Matt Goodwin’s decision to stand for Reform UK in Gorton and Denton has raised eyebrows across the political spectrum. Long seen more as the academic voice of Britain’s realignment rather than a participant in it, his move throws fresh light on the tensions between his own worker‑focused, anti‑elite analysis and the party he has chosen to champion.
When we look at recent defections to them, they appear to be Thatcher‑worshipping free‑marketeers
Matt Goodwin isn’t. He has spent more than a decade arguing that Britain’s political realignment is being driven not by free‑market ideology but by a large, overlooked bloc of voters who feel ignored by the political class. As he put it in National Populism: The Revolt Against Liberal Democracy (2018):
“Large numbers of people feel they have been marginalised, ignored or held in contempt by elites.”
He has written extensively about how there is a “forgotten electoral tribe” (the Somewheres) who are centre‑right on social issues but centre‑left on economics. In Values, Voice and Virtue (2023), he argues:
“The gap between the values of the new elite and the values of the wider public has never been greater.”
What does that mean? It means that they will oppose diversity‑based hiring, yet also support protection against unfair dismissal. They’ll oppose trans‑identity teaching in schools, but they’ll not wish to have to fork out for private education because they cannot afford it.
They’ll back renationalisation of utilities and price controls — the opposite of Tory policy in the 1980s.
They are mainly “Old Labour” voters who have seen the Labour Party replace concern for workers with identity and liberal policies favoured by middle‑class leftist graduates. Goodwin’s early work on UKIP made this point clearly. In Revolt on the Right (2014), he wrote:
“UKIP’s support is rooted in deep‑seated social and value divides that the main parties have failed to address.”

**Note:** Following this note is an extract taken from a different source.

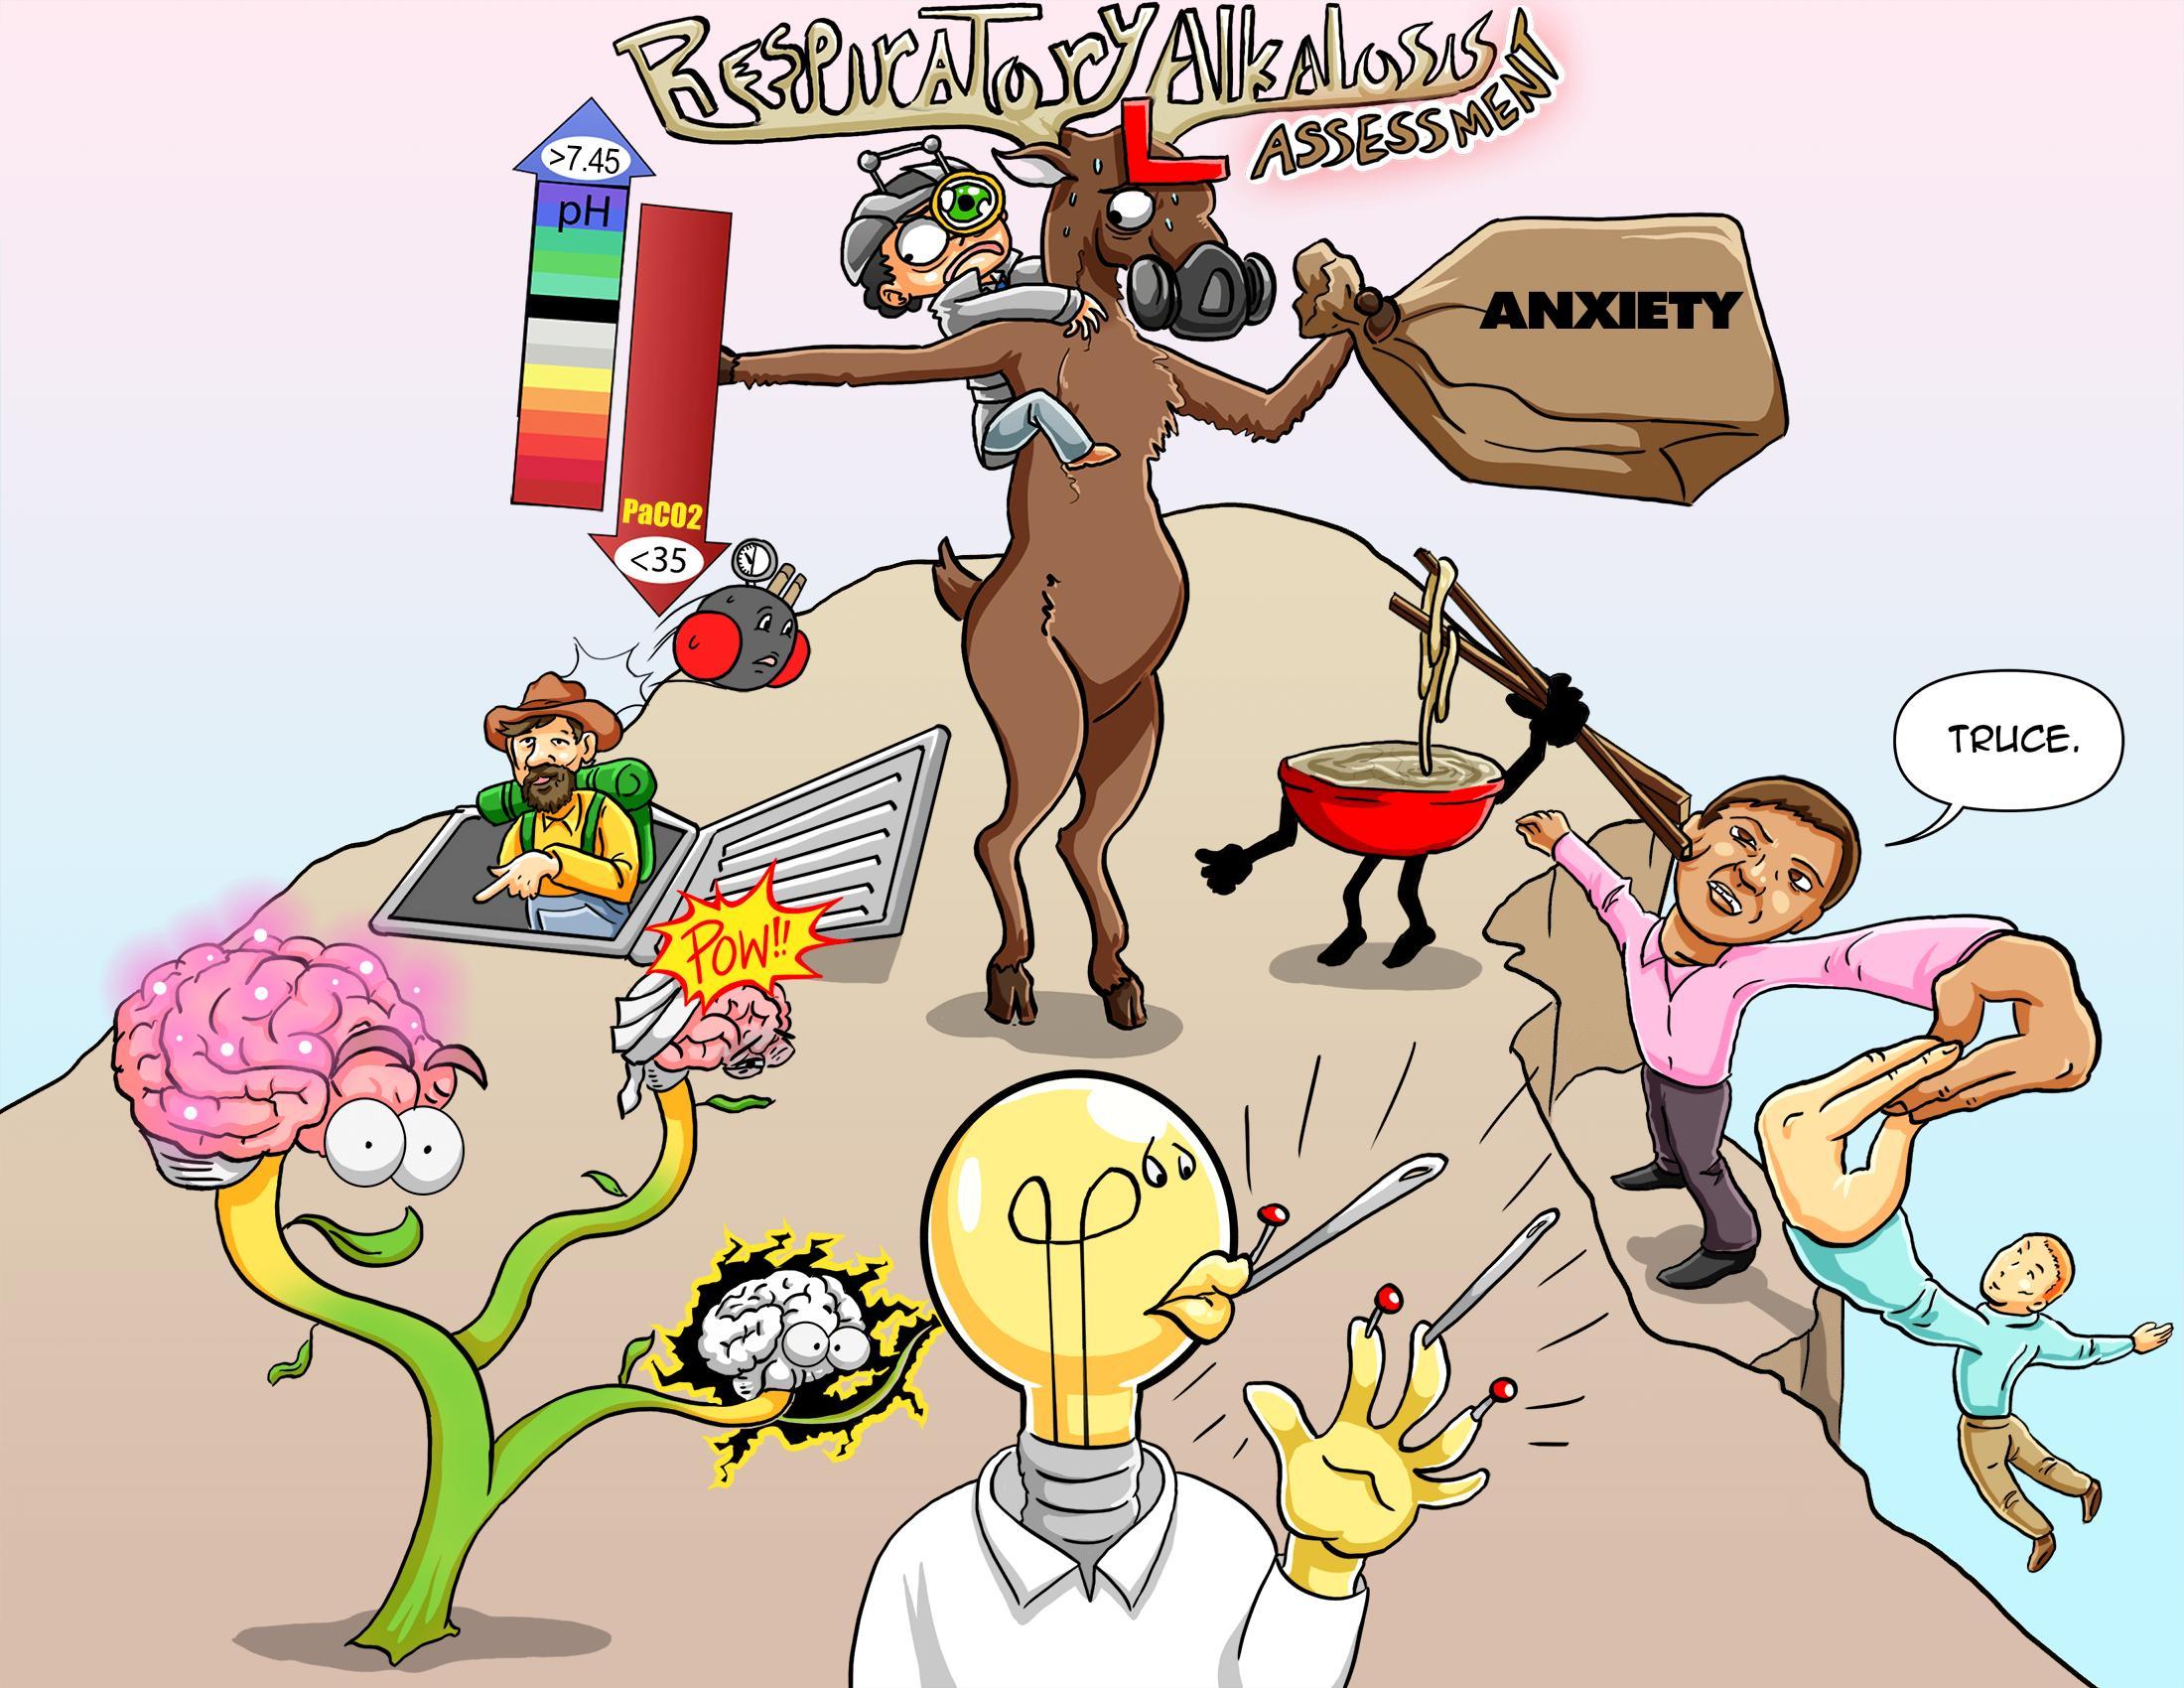 Respiratory Alkalosis Assessment

This is how the Red Wall narrative was created — by Matt Goodwin and others (David Goodhart, Philip Blond, Jon Cruddas, Lord Glasman). Goodwin’s argument that this realignment is structural, not temporary, is summed up in another line from National Populism:
“National populism is not a momentary spasm but a sustained political force.”
So “Blue Labour/Red Tory” became interchangeable as methods of creating a social conservatism of the left — something to counter‑balance the social and economic liberalism of what Goodwin calls, in Values, Voice and Virtue, the “new elite”:
“Britain is increasingly shaped by a new elite that is more liberal, more global, and more detached from the values of the majority.”
Who has tapped into this?
George Galloway has, with his “Old Left” and unapologetically anti‑Woke Workers Party.
William Clouston has, with the rebranding of the SDP as something quite different from the SDP of old (the Gang of Four including arch‑social liberals Shirley Williams and Roy Jenkins). Today’s SDP is Eurosceptic and socially conservative — more Peter Shore or Austin Mitchell than Tony Benn or Michael Foot.
But one may ask: why did Matt Goodwin not gravitate to Clouston or Galloway? Or maybe talk to the Populist Party or National Distributist Party, who are promoting similar ideas with allies in the Belmont Accord?
The problem, as ever, is that big money controls politics. Minor parties struggle to get funds not because their message is at fault. Quite the opposite. They are principled, not prepared to be bought by donors who seek to control whichever party looks like it will hold the reins of power.
And that’s where we are with Reform UK — Conservative donors backing a new horse as the Tory stallion turns into a lame donkey.
All the while, we have Matt Goodwin embarking upon a campaign to win Gorton and Denton for a party that barely resembles the template of politics he wrote about in his books.
But he is new to party politics, and regardless of the result on February 26th, he is just 44 years of age with time on his side. If Farage does not do a “Rupert” on him (Rupert Lowe forced out for criticising Farage), he can become a potential successor to Farage as the leader of the “New Right.” He can even change the “New Right” to become syncretic — a mix of social conservatism, Distributist protectionist economics, and isolationist foreign policy.
The world is his oyster in that regard, because his books are the blueprint — and they promote a different vision from Reform’s. One that is workerist and strongly anti‑establishment. I suspect (or should I say “hope”) that this is his long‑term game: Reform UK as the vehicle, but with Clouston’s syncretic SDP, plus Lowe and other economic‑nationalist figures as allies in building a new movement when Reform UK inevitably returns to the Tory fold.